Augur: a bioinformatics toolkit for phylogenetic analyses of human pathogens

John Huddleston; James Hadfield; Thomas R Sibley; Jover Lee; Kairsten Fay; Misja Ilcisin; Elias Harkins; Trevor Bedford; Richard A Neher; Emma B Hodcroft

doi:10.21105/joss.02906

. Author manuscript; available in PMC: 2021 Jun 28.

Published in final edited form as: J Open Source Softw. 2021 Jan 7;6(57):2906. doi: 10.21105/joss.02906

Augur: a bioinformatics toolkit for phylogenetic analyses of human pathogens

John Huddleston ^1,², James Hadfield ², Thomas R Sibley ², Jover Lee ², Kairsten Fay ², Misja Ilcisin ², Elias Harkins ², Trevor Bedford ^1,², Richard A Neher ^3,⁴, Emma B Hodcroft ^3,^4,⁵

PMCID: PMC8237802 NIHMSID: NIHMS1672981 PMID: 34189396

Summary and statement of need

The analysis of human pathogens requires a diverse collection of bioinformatics tools. These tools include standard genomic and phylogenetic software and custom software developed to handle the relatively numerous and short genomes of viruses and bacteria.

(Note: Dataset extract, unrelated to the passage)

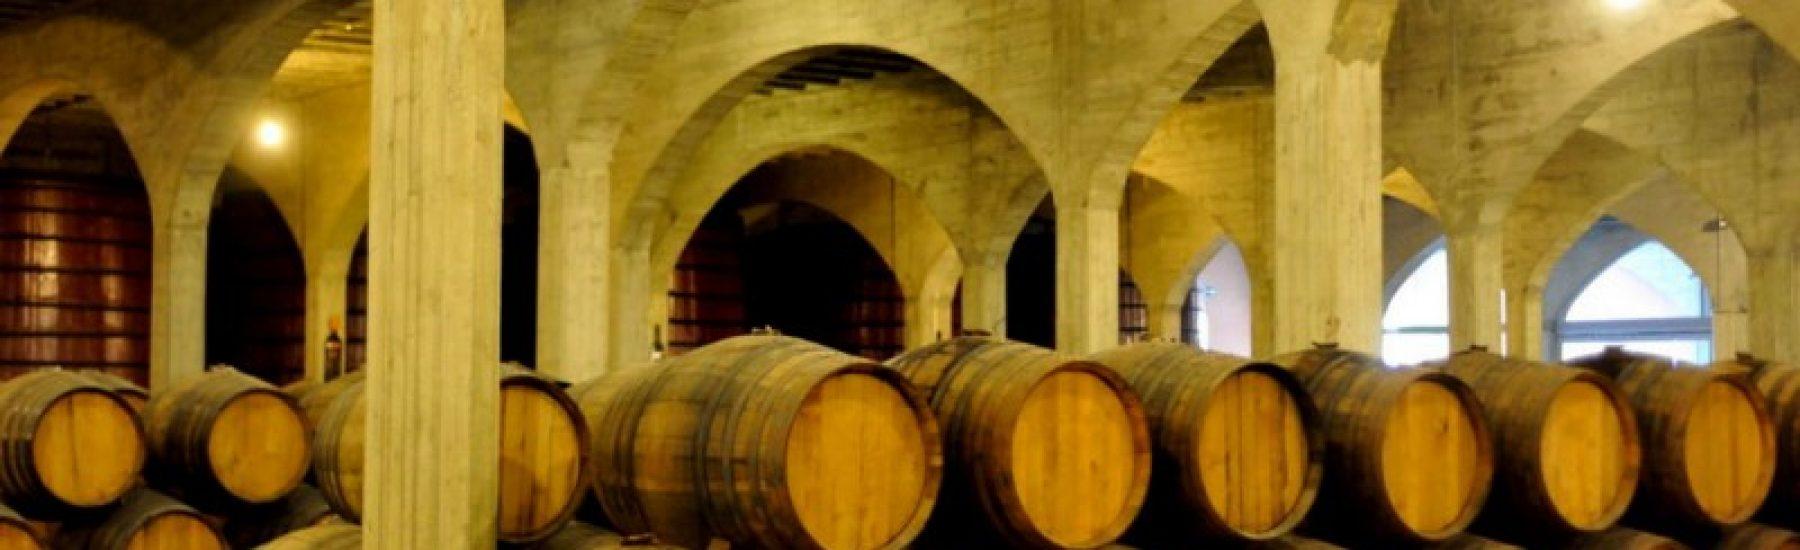 33163_jumilla-wine-route-bodegas-san-isidro_41483729907_large
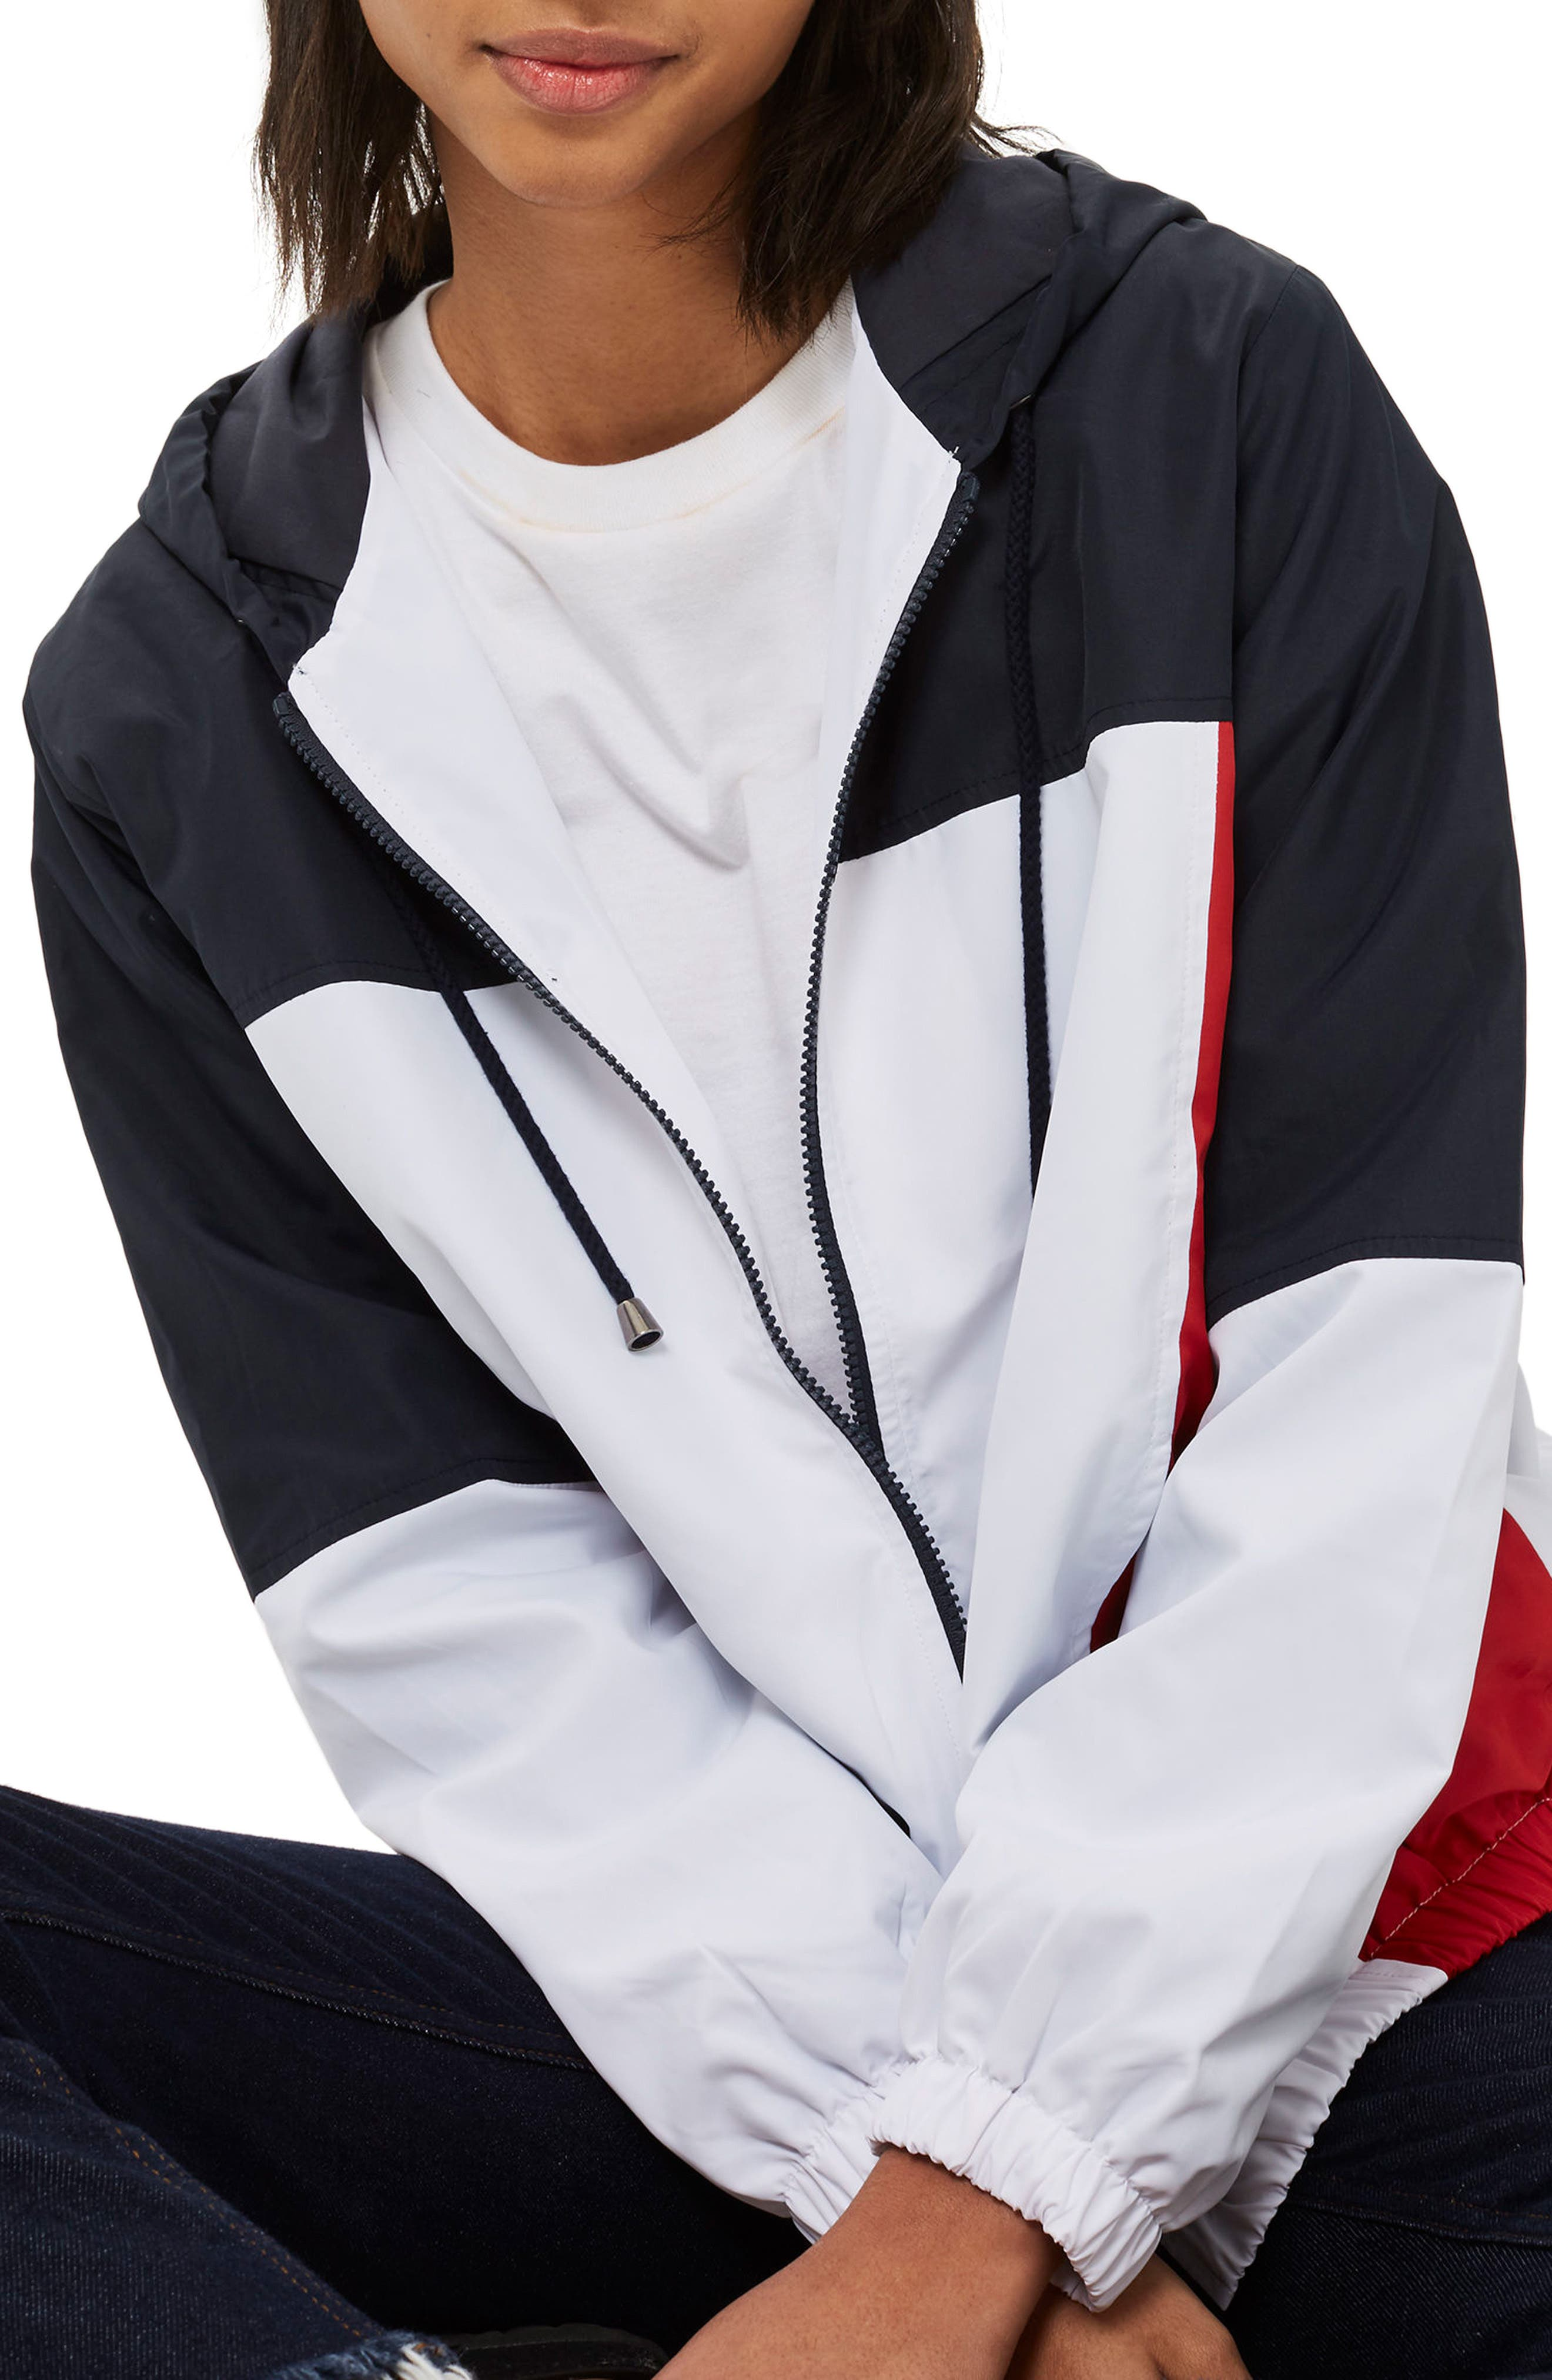 Colorblock Windbreaker Jacket,                             Alternate thumbnail 3, color,                             100

Researchers increasingly depend on the outputs of these tools to infer transmission dynamics of human diseases and make actionable recommendations to public health officials (Black et al., 2020; Gardy et al., 2015). In order to enable real-time analyses of pathogen evolution, bioinformatics tools must scale rapidly with the number of samples and be flexible enough to adapt to a variety of questions and organisms. To meet these needs, we developed Augur, a bioinformatics toolkit designed for phylogenetic analyses of human pathogens.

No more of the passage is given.